▸ PROBLEM TO SOLVE: Quote every line below exactly and skip any picture.

▸ RAW DATA:
*** Block opens ***

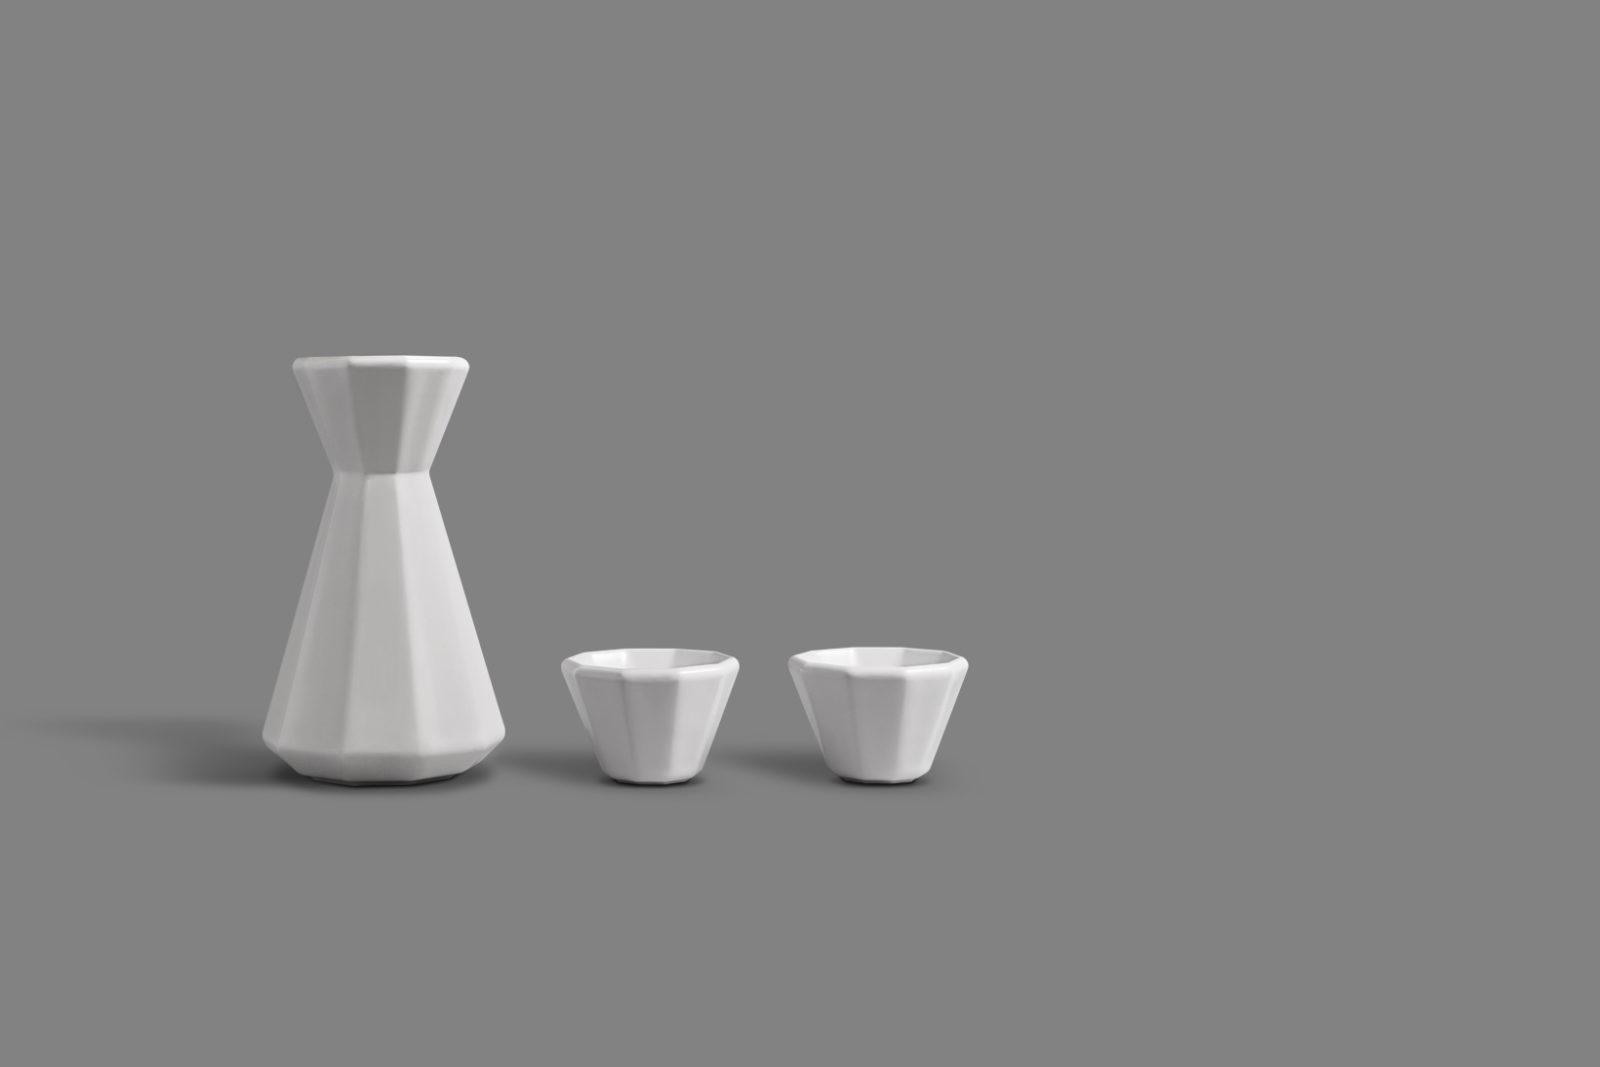 Lilium Carafe & Cup Set designed for OTHR
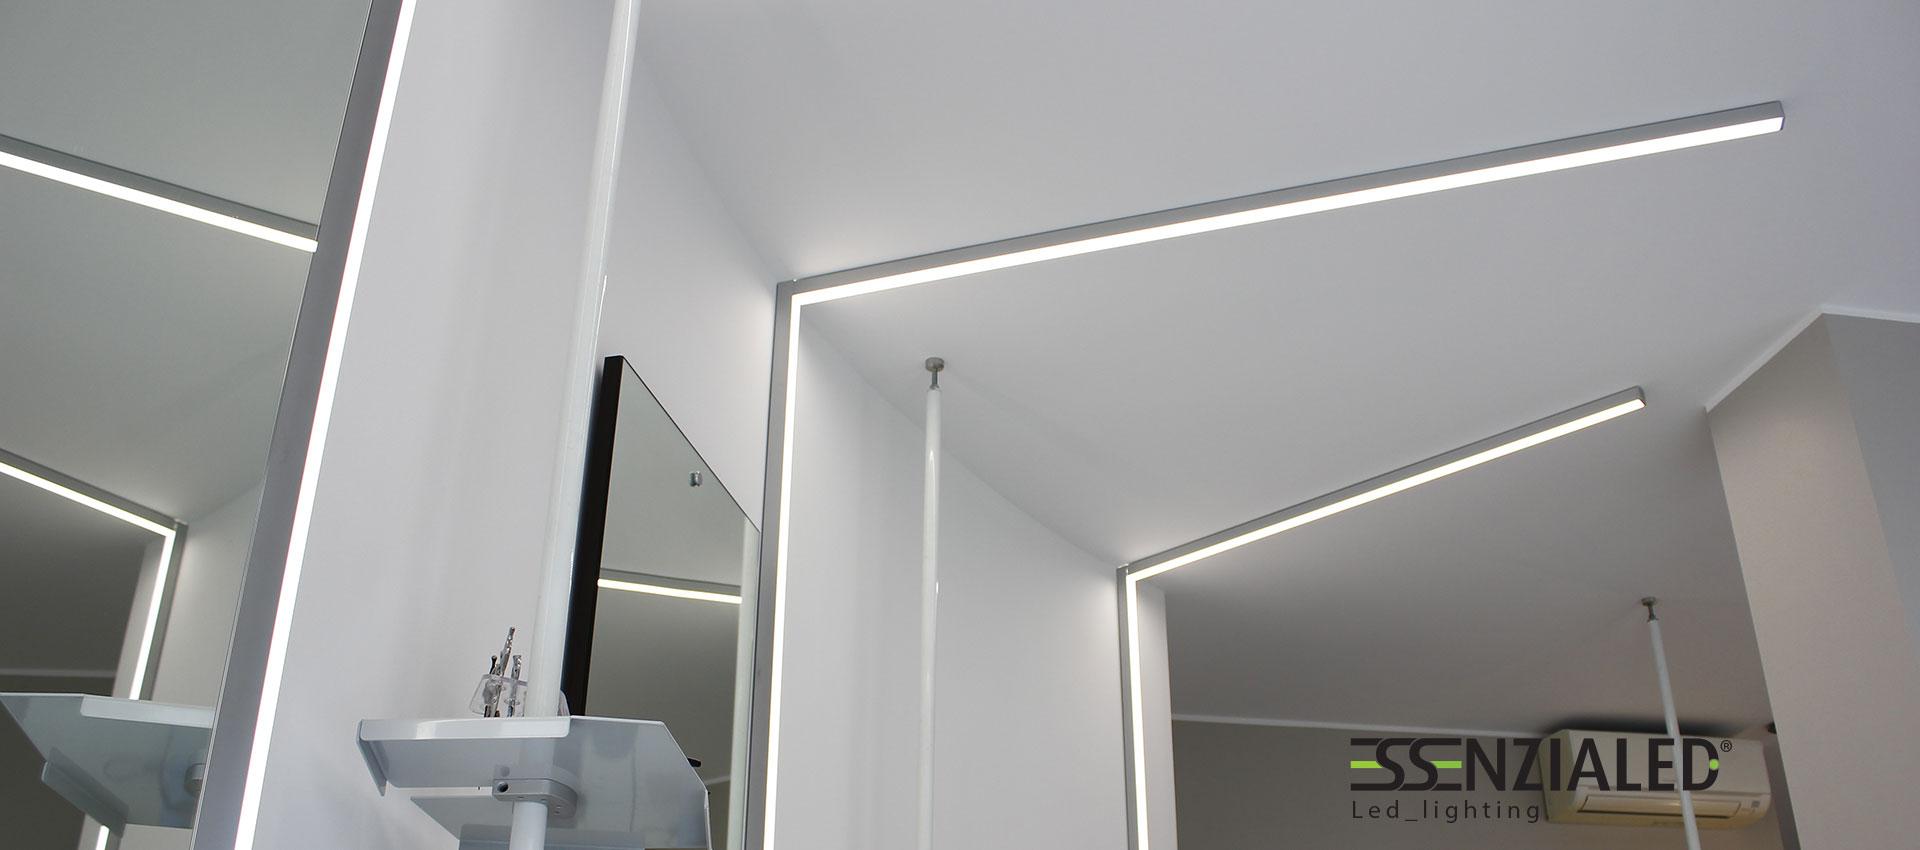 Sistemi Di Illuminazione A Led illuminazione led parrucchieriessenzialed – illuminazione a led
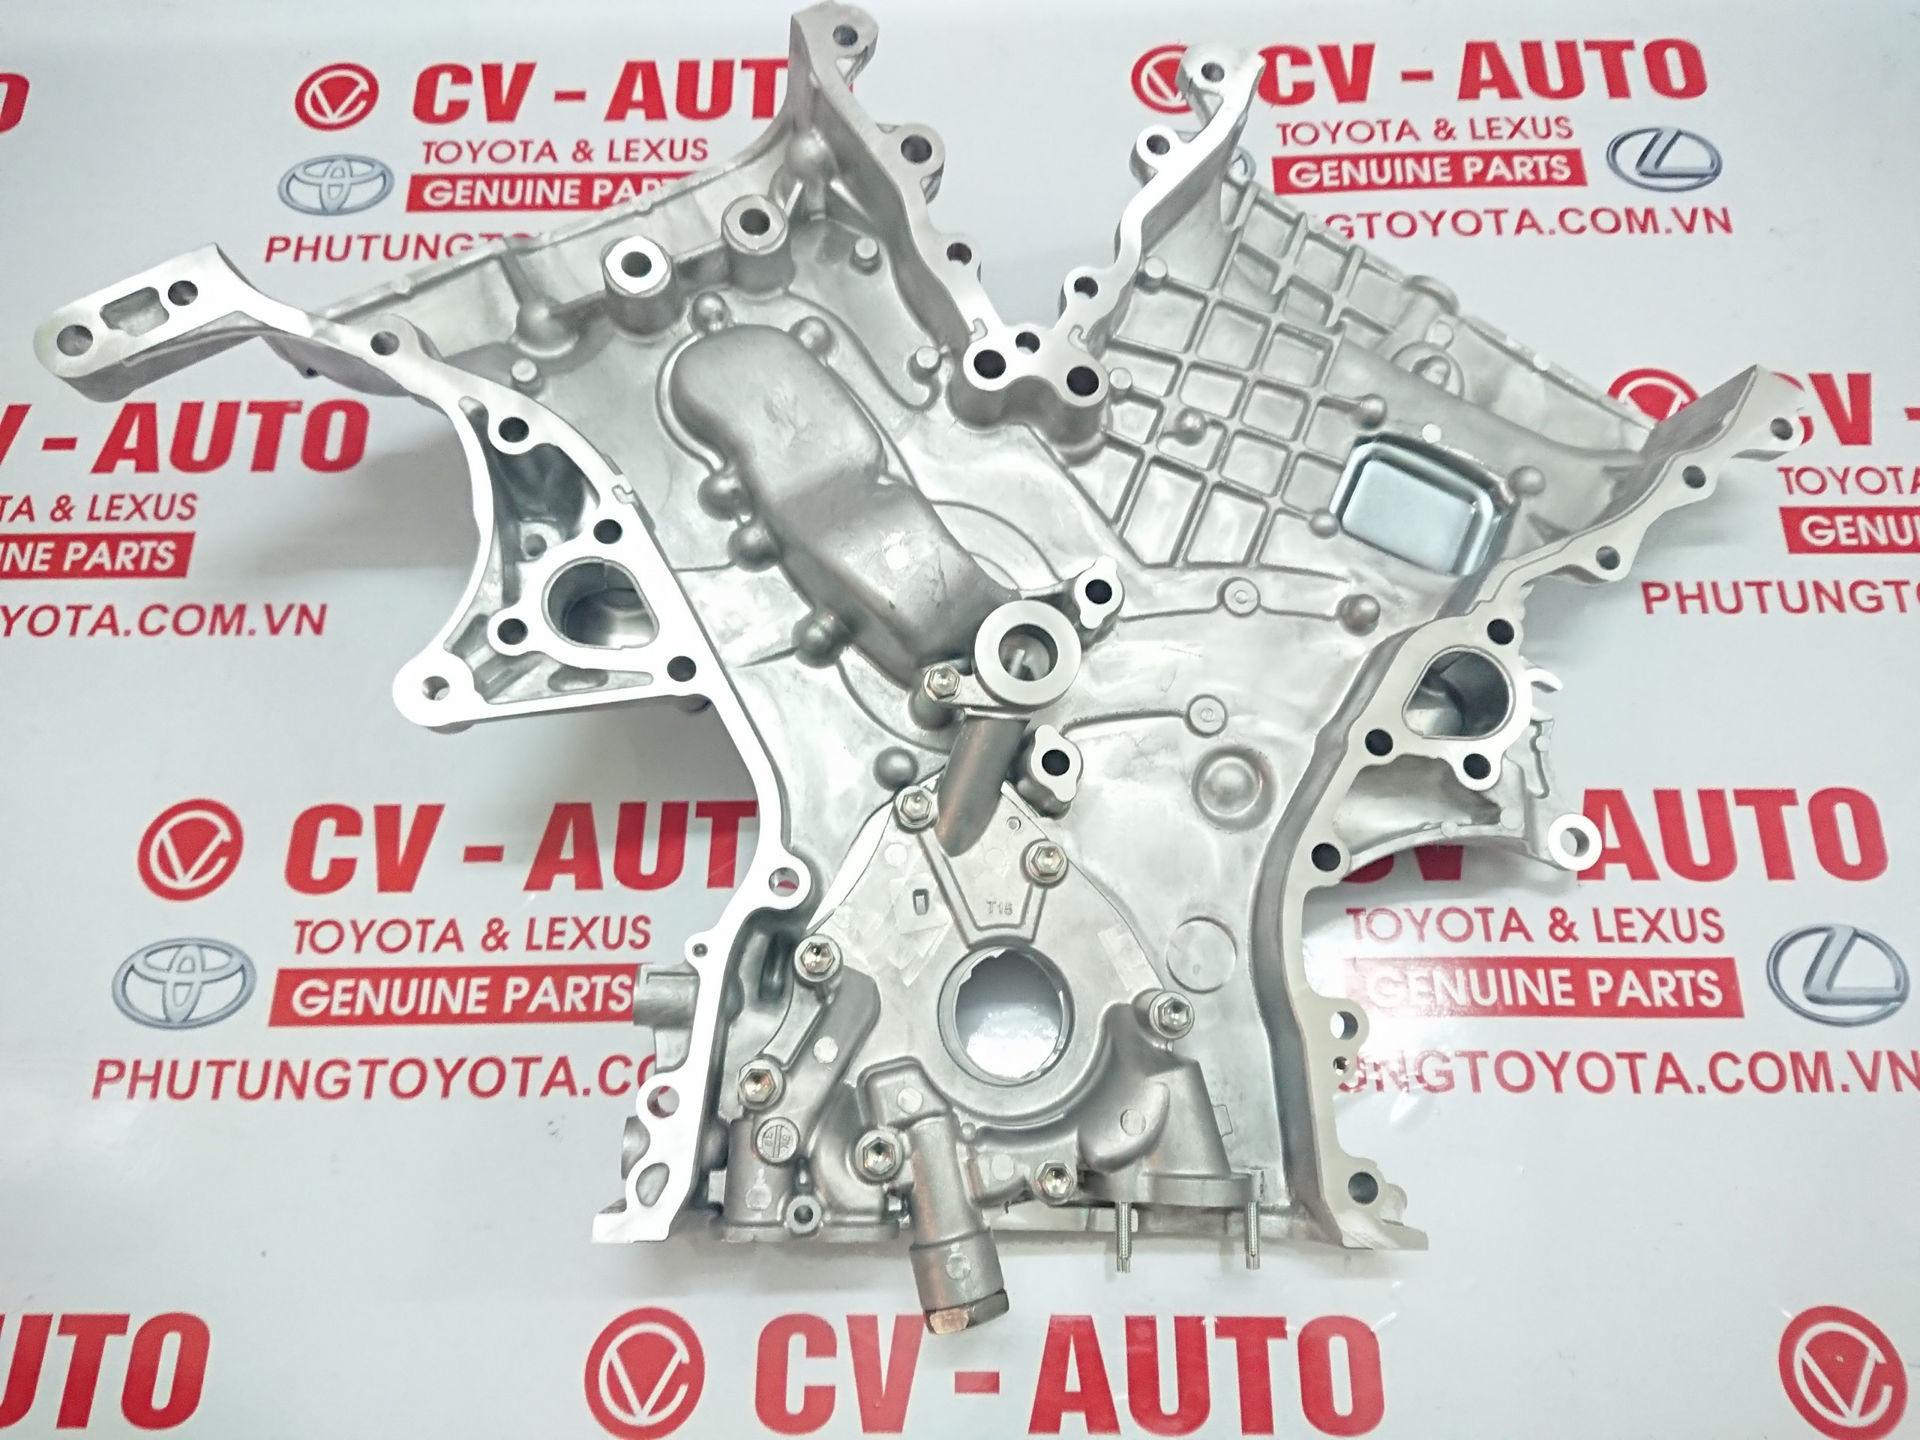 Picture of 11310-31020 Bưởng bơm dầu Toyota Lexus 2GR hàng chính hãng
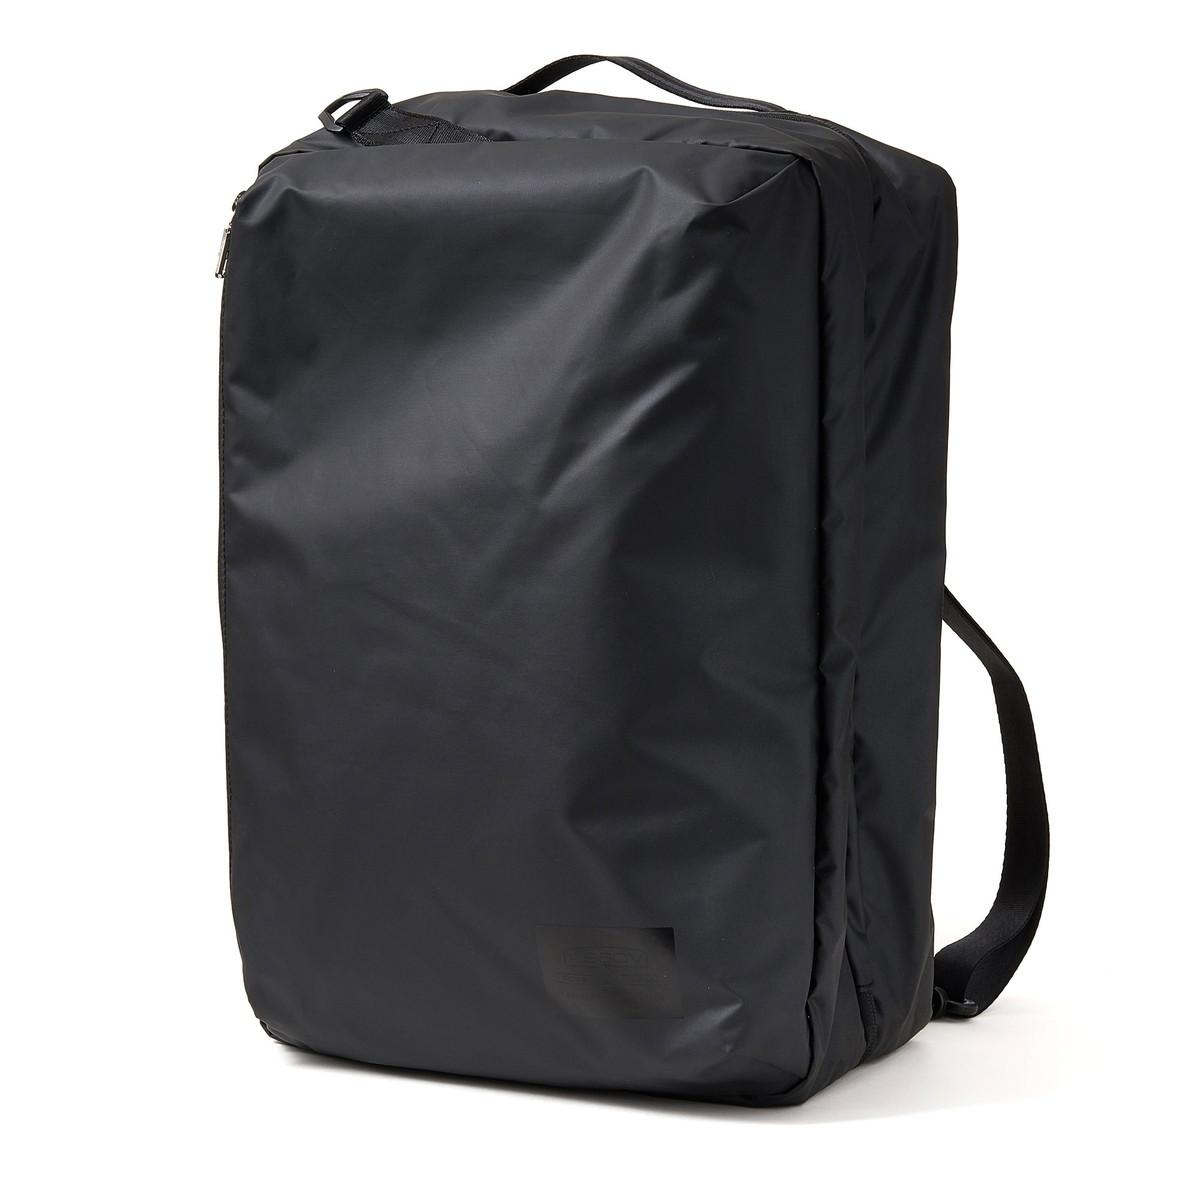 アッソブ公式通販 / AS2OV (アッソブ) トラベル リュックサック バックパック 旅行バッグ TRAVEL SERIES TRAVEL CASE 3WAY 061800

*** Block closes ***

▸ WORKED SOLUTION:
 Lilium Carafe & Cup Set designed for OTHR
 Sistemi Di Illuminazione A Led illuminazione led parrucchieriessenzialed – illuminazione a led
 Picture of 11310-31020 Bưởng bơm dầu Toyota Lexus 2GR hàng chính hãng
 アッソブ公式通販 / AS2OV (アッソブ) トラベル リュックサック バックパック 旅行バッグ TRAVEL SERIES TRAVEL CASE 3WAY 061800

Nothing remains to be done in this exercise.